__TASK TO COMPLETE__:
Return exactly, with nothing added, the lines from the one that contains "Titre: Causes of" through the end of the listing below, pictures excluded.

__SOURCE DATA__:
= = = = =
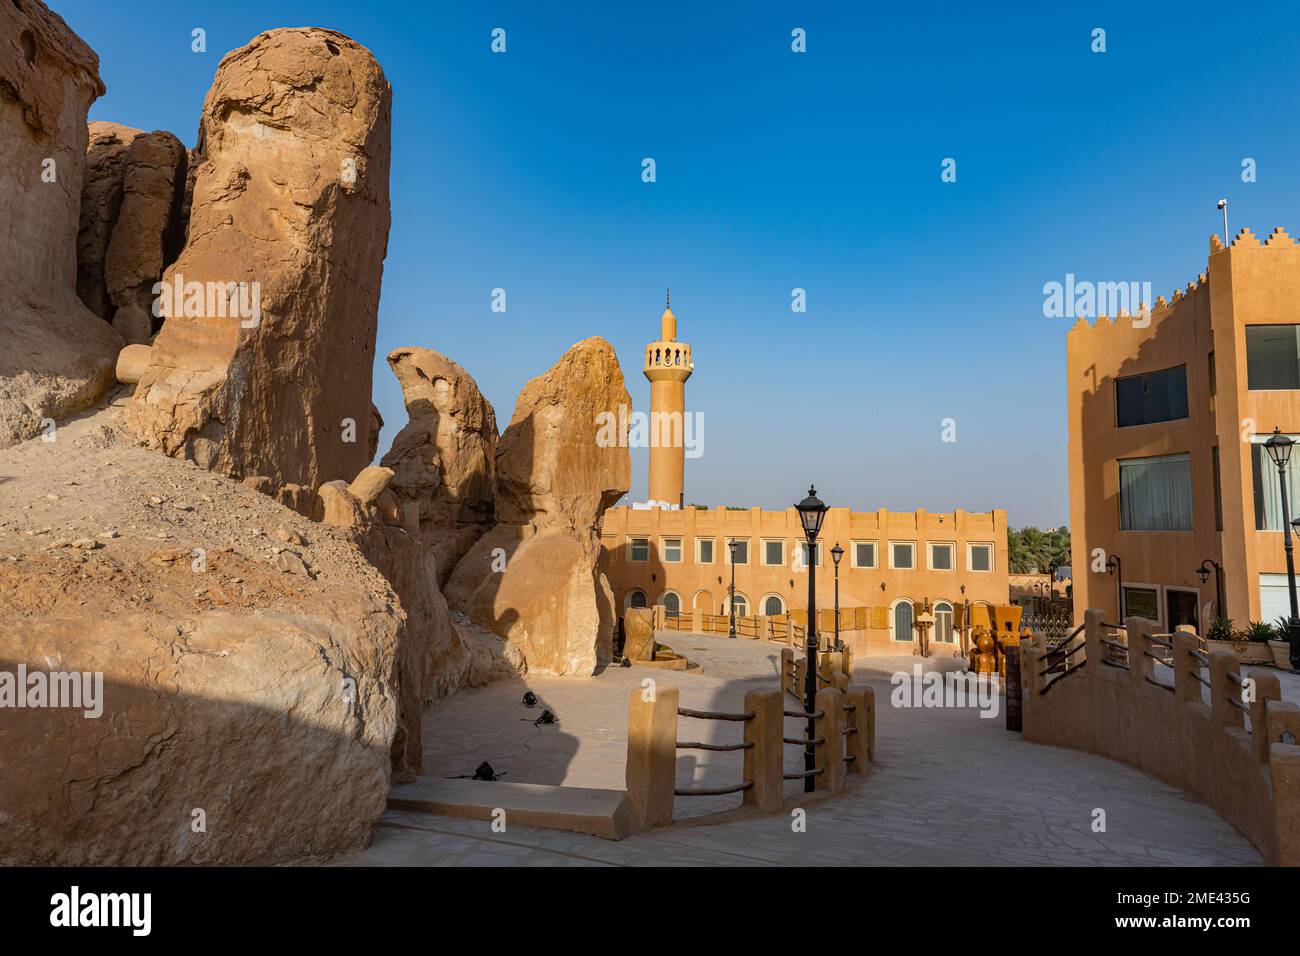 Saudi Arabia, Eastern Province, Al-Hofuf, Sandstone outcrops with mosque in background Stock Photo
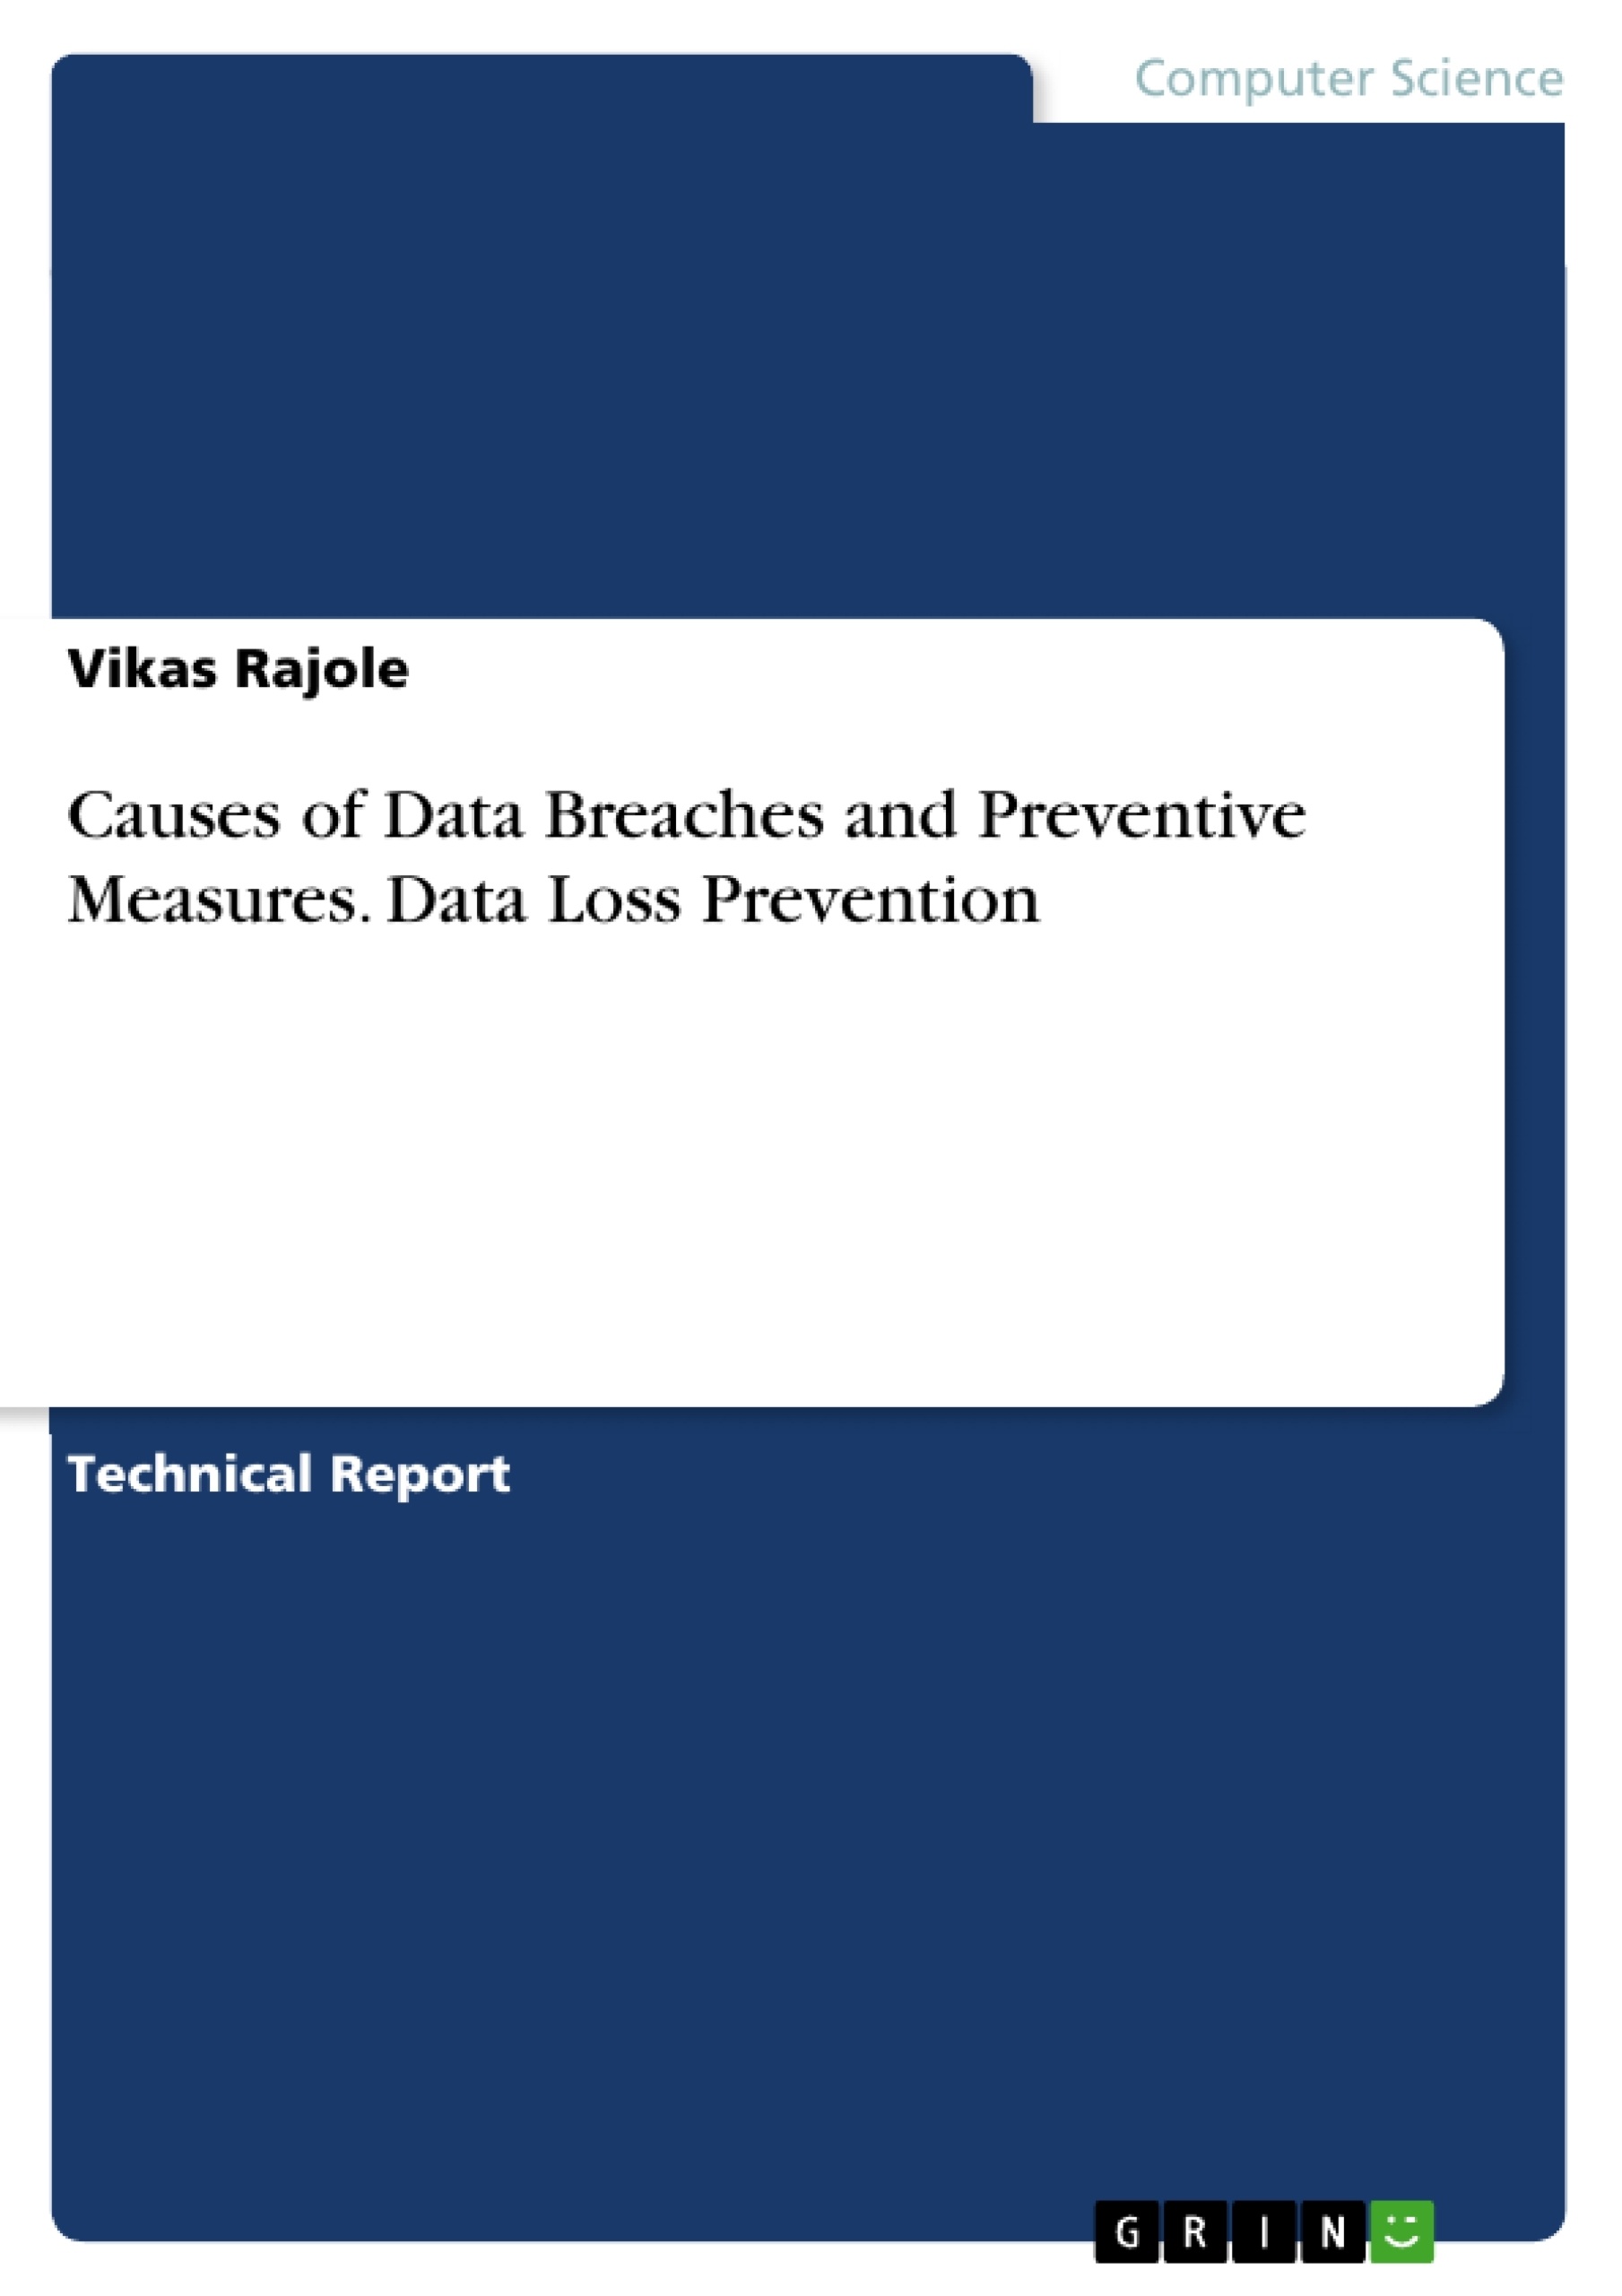 Titre: Causes of Data Breaches and Preventive Measures. Data Loss Prevention
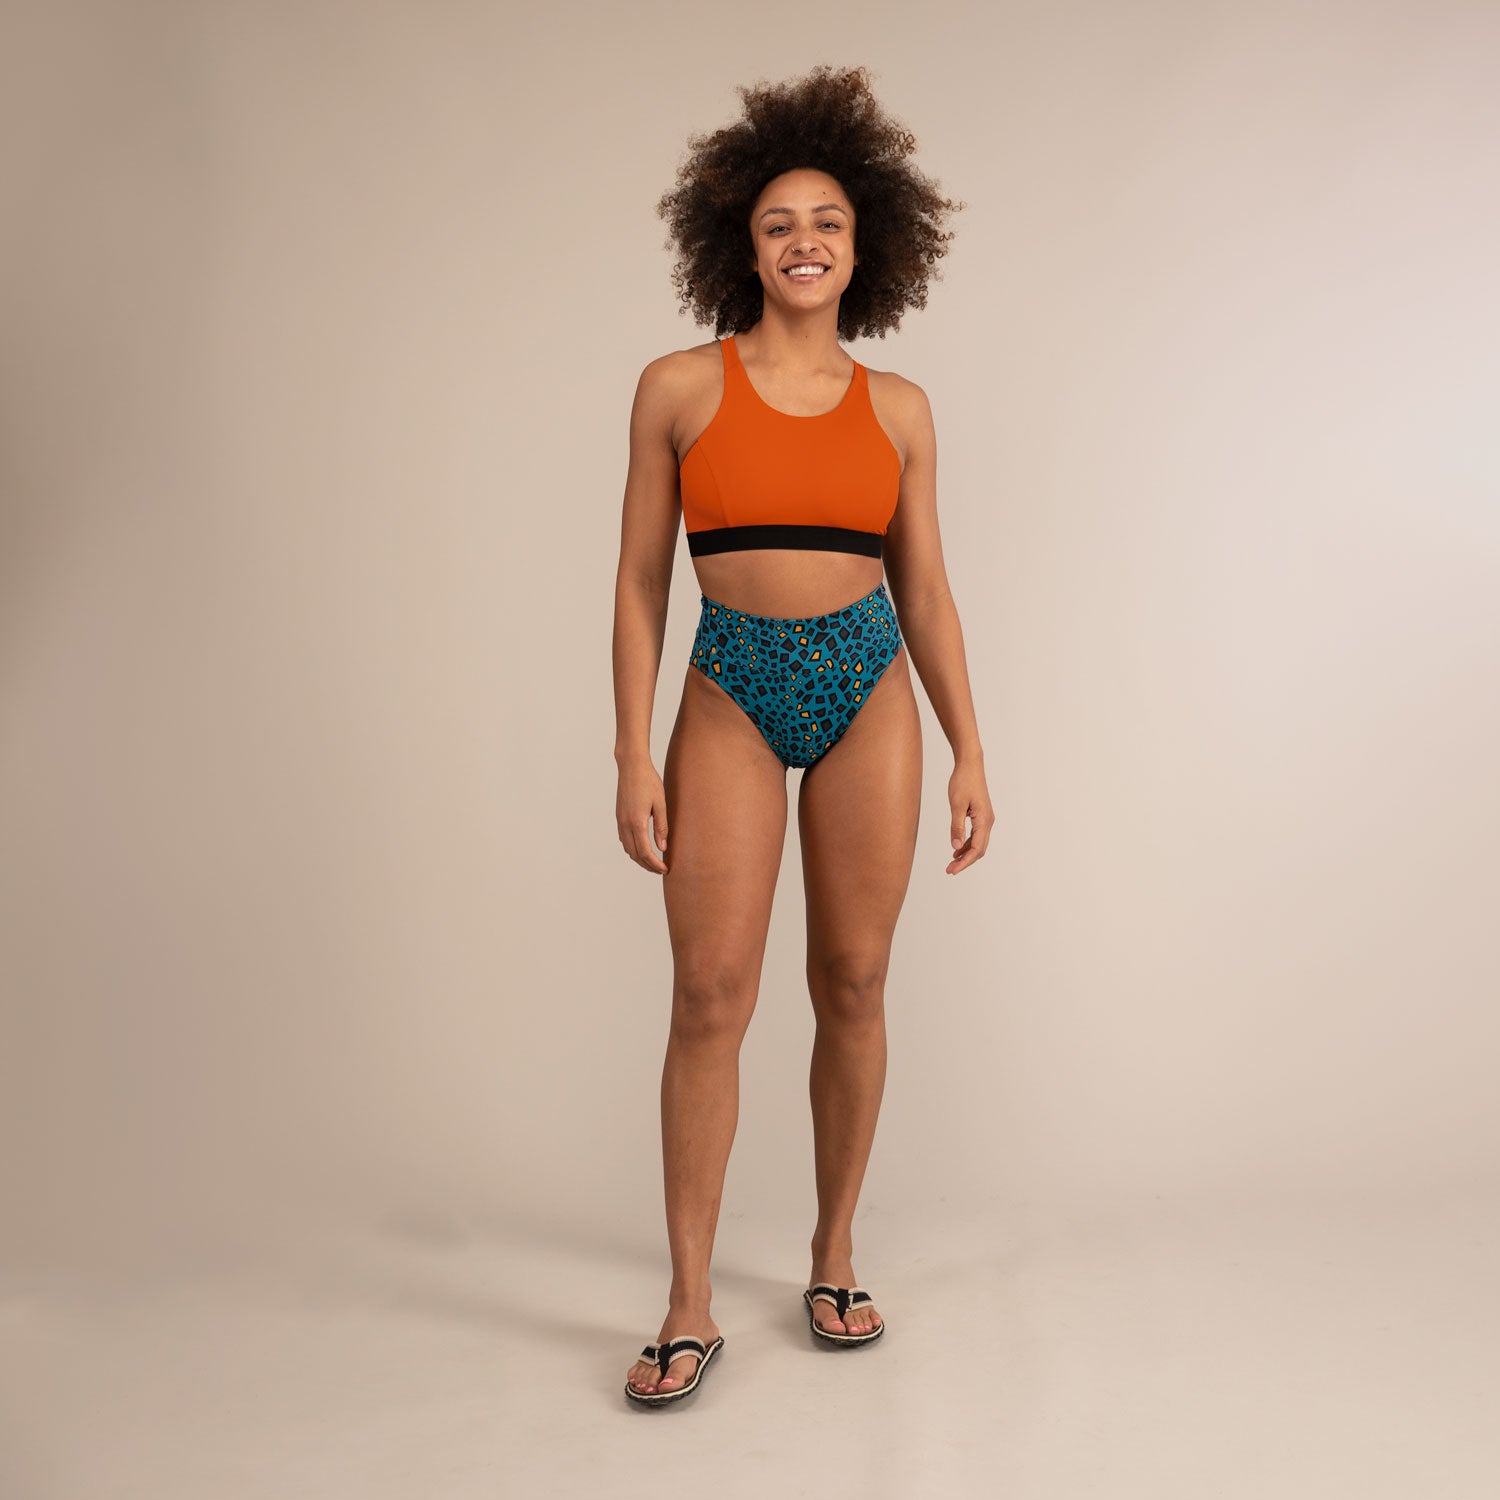 TIDE MINIMAL REPTILE | High Cut Recycled Bikini Bottoms | 3RD ROCK Clothing -  Kendal is 5ft 7 with a 28" waist, 38" hips and wears a size 12 F
= = = = =
__OUTPUT FOR THIS EXERCISE__:
 Titre: Causes of Data Breaches and Preventive Measures. Data Loss Prevention
 TIDE MINIMAL REPTILE | High Cut Recycled Bikini Bottoms | 3RD ROCK Clothing -  Kendal is 5ft 7 with a 28" waist, 38" hips and wears a size 12 F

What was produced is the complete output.